One of the pillars of SEED is to explore what is possible with new types of AI in future games. As part of this we've been developing novel deep reinforcement learning techniques to create self-learning agents with new engaging behaviors.
This is a first technical post about the reinforcement learning architecture that controls these self-learning agents. The full details can be found in our paper.
Deep reinforcement learning is a new machine learning discipline that utilizes the power of reinforcement learning and deep neural networks in order to train agents to play imperfect information games. Recent work in this field has demonstrated that self-learning agents can be trained to play a number of complex games including Atari 2600 games, Doom, Dota 2, and Go.

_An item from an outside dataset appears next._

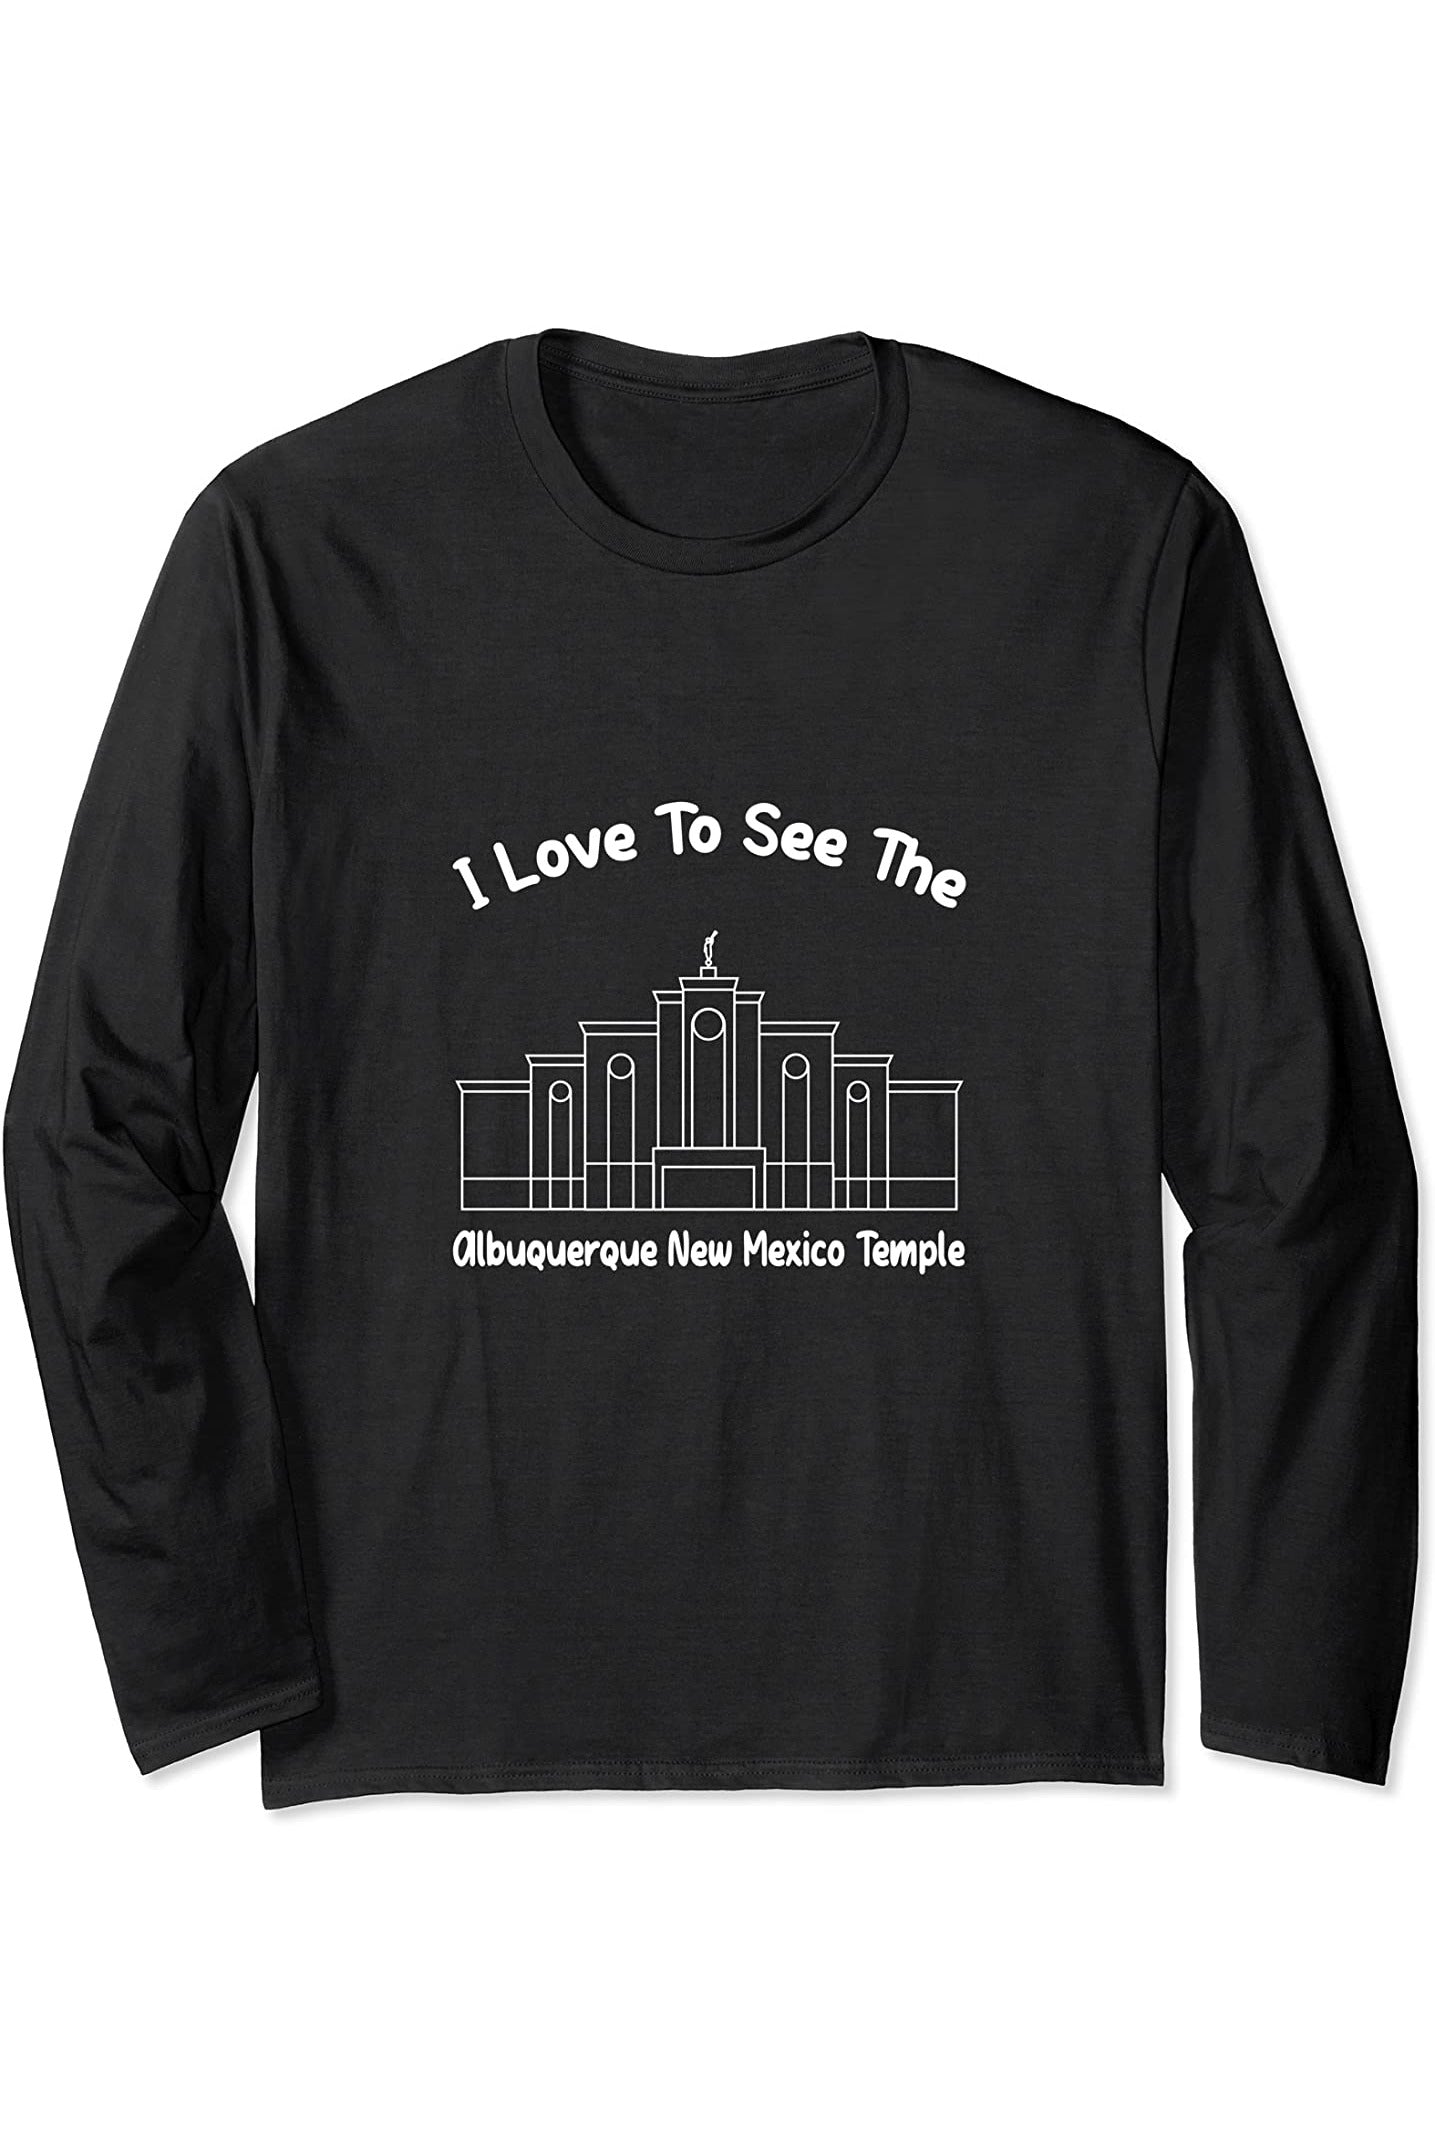 Albuquerque New Mexico Temple Long Sleeve T-Shirt - Primary Style (English) US

Reinforcement learning agents are generally limited to carrying out one action at a time, due to the nature of the neural network architecture and the way they are trained. As such, agents often encounter situations where they are forced to choose one out of many actions, when in reality the optimum solution is to perform multiple actions at once; such as moving forward whilst turning. Indeed, certain behaviors will never emerge when an agent is limited to performing only one action at a time.
This problem is typically solved, in part, by expanding the set of actions such that all action combinations are explicitly modeled as new discrete actions, i.e. adding moving forward whilst turning right as an additional action. This method works well when the number of meaningful action combinations is small, but becomes infeasible when simulating the actions that are possible with a modern game controller (Figure 1), where the number of action combinations may exceed 1,000,000.

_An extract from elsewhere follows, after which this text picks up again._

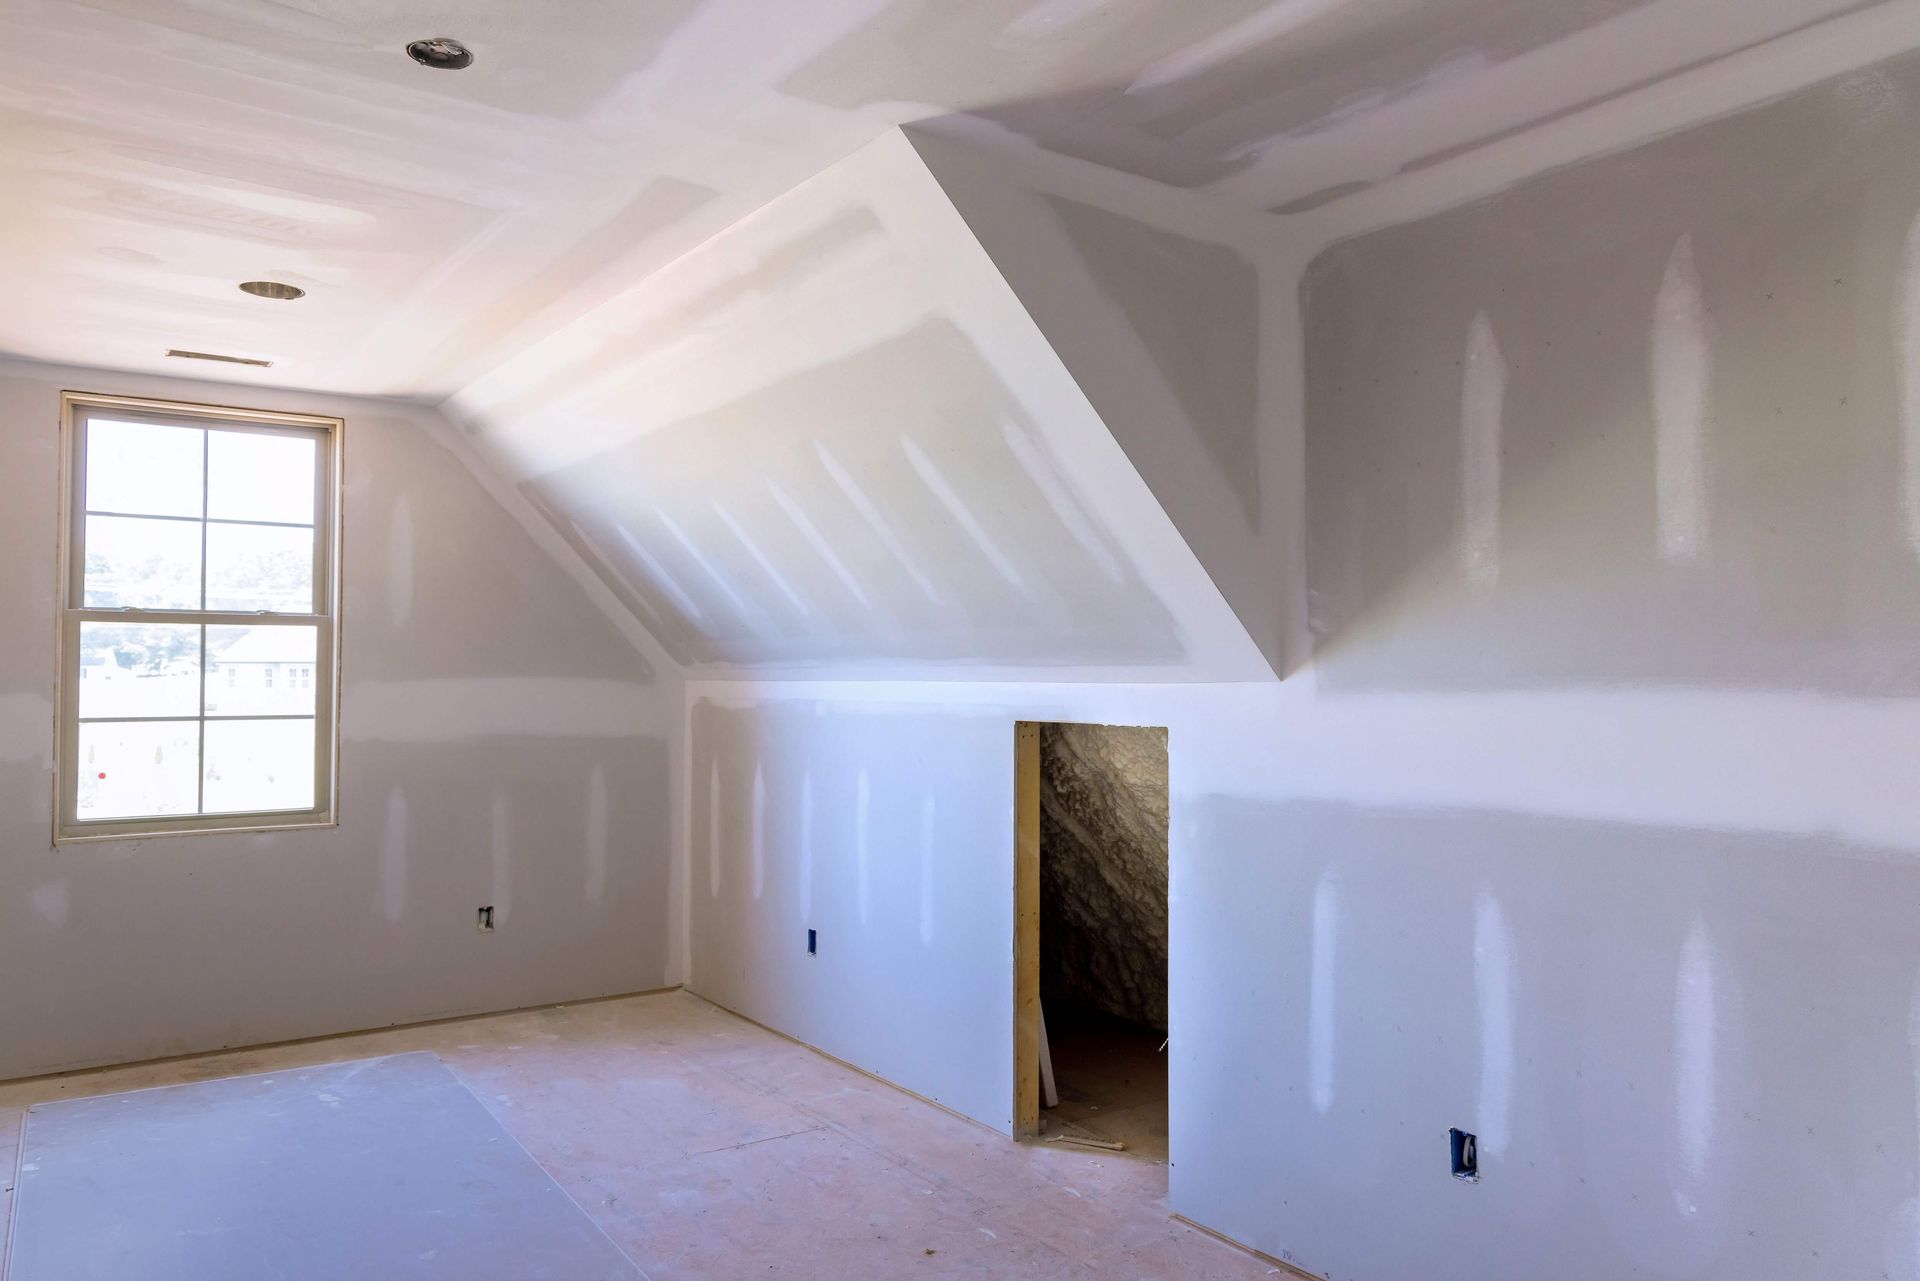 drywall contractors for home remodels

Figure 1: Large and complex action set in Battlefield 1.
When using large expanded action sets such as this, the entangled action representations make it much harder for the agent to learn the value of each of the true actions. The network controlled agent has to learn a disentangled version of the action set in order to understand the similarities between certain actions. To get around the problem associated with this explosion of action combinations, we present a novel technique that allows multiple actions to be selected at once whilst only modelling individual actions from the smaller, original action set.
We have also developed an imitation learning technique that provides a 4x improvement in training speed by having the agent learn useful behaviors by imitating the play style of an expert human player. Our experiments show that this significantly reduces the amount of time the agent spends performing seemingly random behaviors at the beginning of training. Further, we apply a combination of both imitation- and reinforcement learning to ensure that the agent also learns from its own experience.

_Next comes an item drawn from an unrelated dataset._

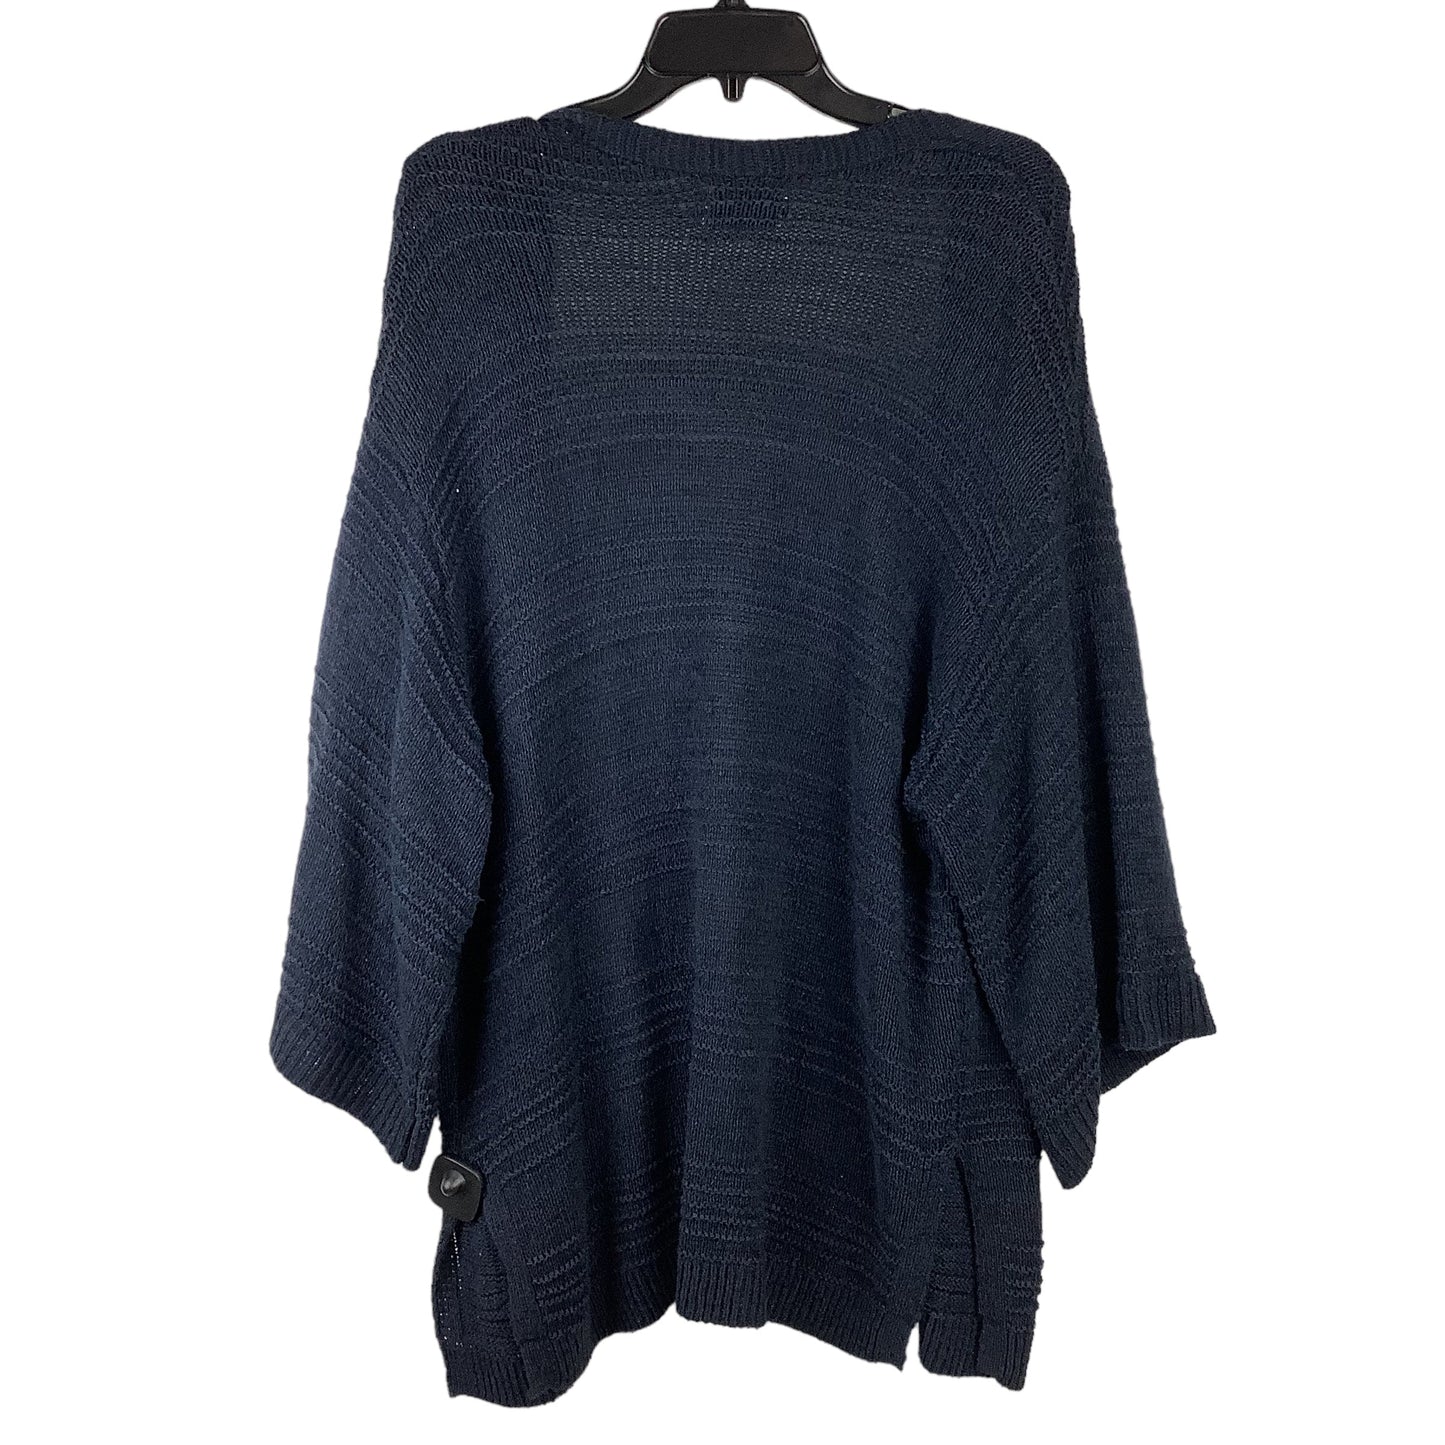 Cardigan By Old Navy  Size: M

We start the training phase using a mixture of 50/50 imitation learning and reinforcement learning, but gradually decay the contribution of imitation learning to 0 percent over time. We use a batched, synchronous version of A3C, modified to allow for concurrent discrete actions. The basic multi-action imitation learning (MAIL) network architecture can be seen in Figure 2 (details related to how to train the multi-action policy can be found in our paper).
Figure 2: MAIL neural network architecture. Solid black lines represent the flow of data during inference. Dashed lines represent the flow of data during training.
MAIL significantly increases both the training speed and final performance of the agent when evaluated in an in-house 3D test game environment (see video). In this game, the agent strives to protect the blue-tinted region-of-interest by shooting the attacking red enemy bots. These red bots are greater in number but fire at a slower rate than the agent and use a simple classical game AI. The agent is able to replenish its health and ammunition by picking up red and green boxes respectively.
With no access to navigation meshes or other navigation systems, the agent relies on its neural network model to succeed. Despite this, the agent navigates the village with ease, without walking into buildings. The movement and actions performed by the agent often end up being remarkably similar to that of human gameplay, even though imitation learning is only used for a short period of time at the beginning of training.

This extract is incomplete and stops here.